Carlos Queirós, o brilhante técnico nascido no norte de Moçambique e que já brilhou nos cinco continentes, disse-me um dia que não assina contrato com uma equipa de um país que não conhece, se não tiver tempo para estudar, com alguma profundidade, a história e a cultura dessa Nação.
Não entendi à partida, mas ele explicou-se, estabelecendo, com propriedade, exemplos e comparações:
– O jogador africano, de uma forma geral irreverente, é avesso a regras. Isso tem a ver com hábitos histórico-culturais. Daí que os técnicos, respeitando isso, devam libertar à sua criatividade, tirando vantagens rumo ao objectivo comum que é o de ganhar;
– Já o atleta árabe, em regra vive um dia-a-dia de calmaria, tal como recomendam os rituais religiosos. Na sua juventude anda de chinelos e nas suas caminhadas, raramente ultrapassa alguém. Como mentalizá-lo para em campo, ultrapassar os adversários?

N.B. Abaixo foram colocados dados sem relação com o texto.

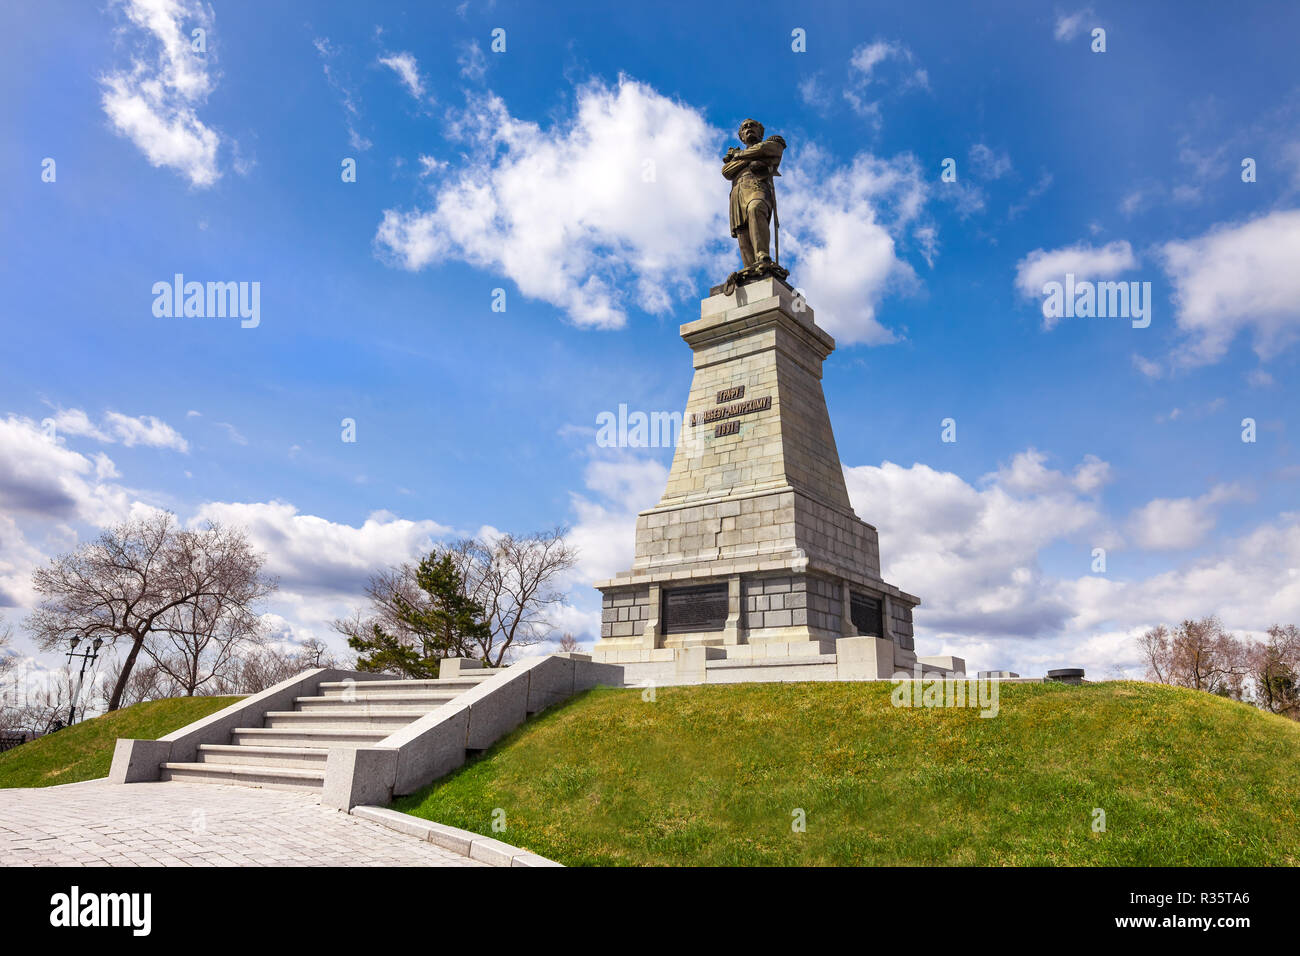 Monument to Muravyov-Amursky the founder of Khabarovsk - Stock Image
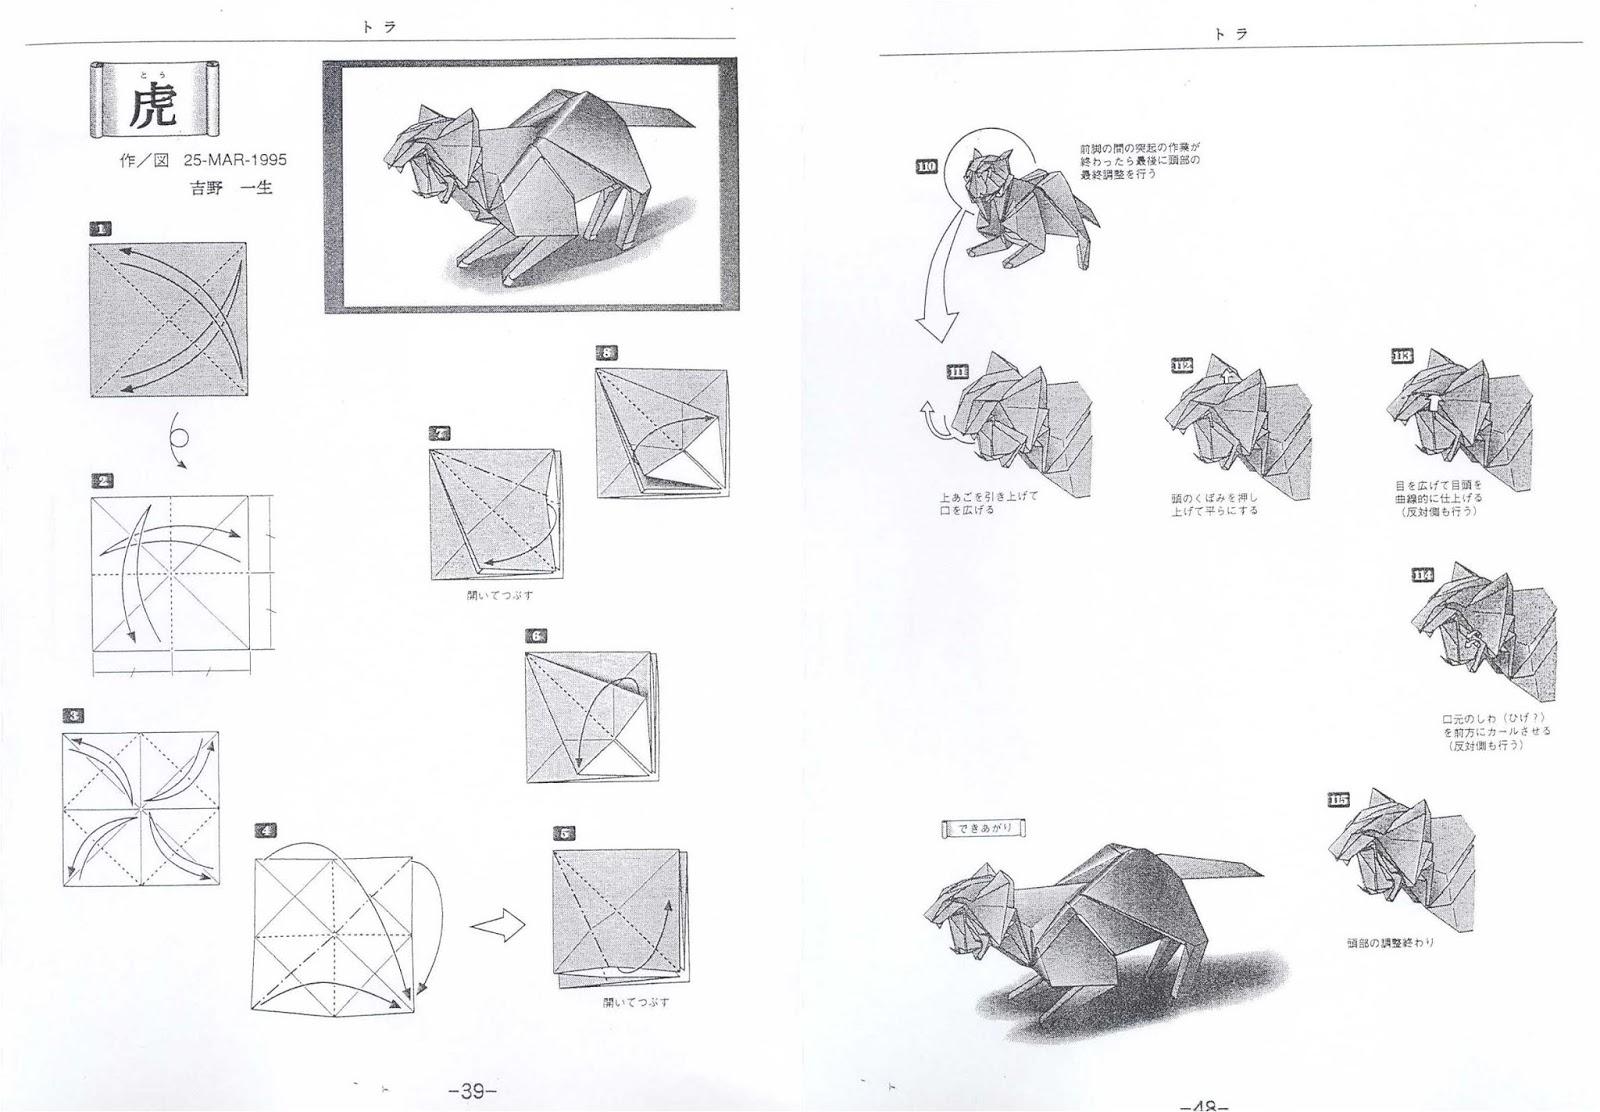 [eBook] Tanteidan Convention Book 01

– Por seu lado, o japonês nasce com a matemática no berço. Ele recebe as instruções do técnico e depois pensa passá-las à prática, como se se tratasse de um regra de três simples. Se lhe indicam o posicionamento X, a sua reacção é Y. Se falhar, a culpa é do treinador. Mentalizá-lo para improvisos, bem ao gosto do africano, é um bico-de-obra.
Estes e outros elucidativos exemplos, foram-me transmitidos pelo eloquente Professor, numa gratuita aula de sapiência que registei com agrado.
O homem do jogador
A meditação em redor deste assunto, vem a-propósito do despedimento pelo Costa do Sol do técnico argentino Costas e a sua substituição pelo português Horácio Gonçalves, antes do fim do primeiro terço do Moçambola.
Longe de mim equacionar as competências de qualquer deles. O que ponho em causa é o imediatismo do clube, ao despedir um técnico estrangeiro que mal conhecendo os cantos do país, se esforçava ainda por (re)conhecer os da turma canarinha.
A opção foi por alguém que terá de iniciar a sua “aculturação” a partir do zero, o que o coloca claramente em desvantagem em relação aos adversários.
Pensa-se na competência do técnico e do jogador, subestimando o homem que é comandado pela mente, esta por sua vez sujeita a vários factores culturais, influenciados pela sociedade em que vive.
Pode-se vencer, a partir de improvisos. Mas, de facto, a acontecerem sucessos, o princípio de “a vitória prepara-se e organiza-se”, fica esvaziado.
Pensar no futebol apenas como pontapé na bola, subestimando a acção mental sobre a história e os hábitos culturais do cidadão, é pensar curto (e só) no imediato.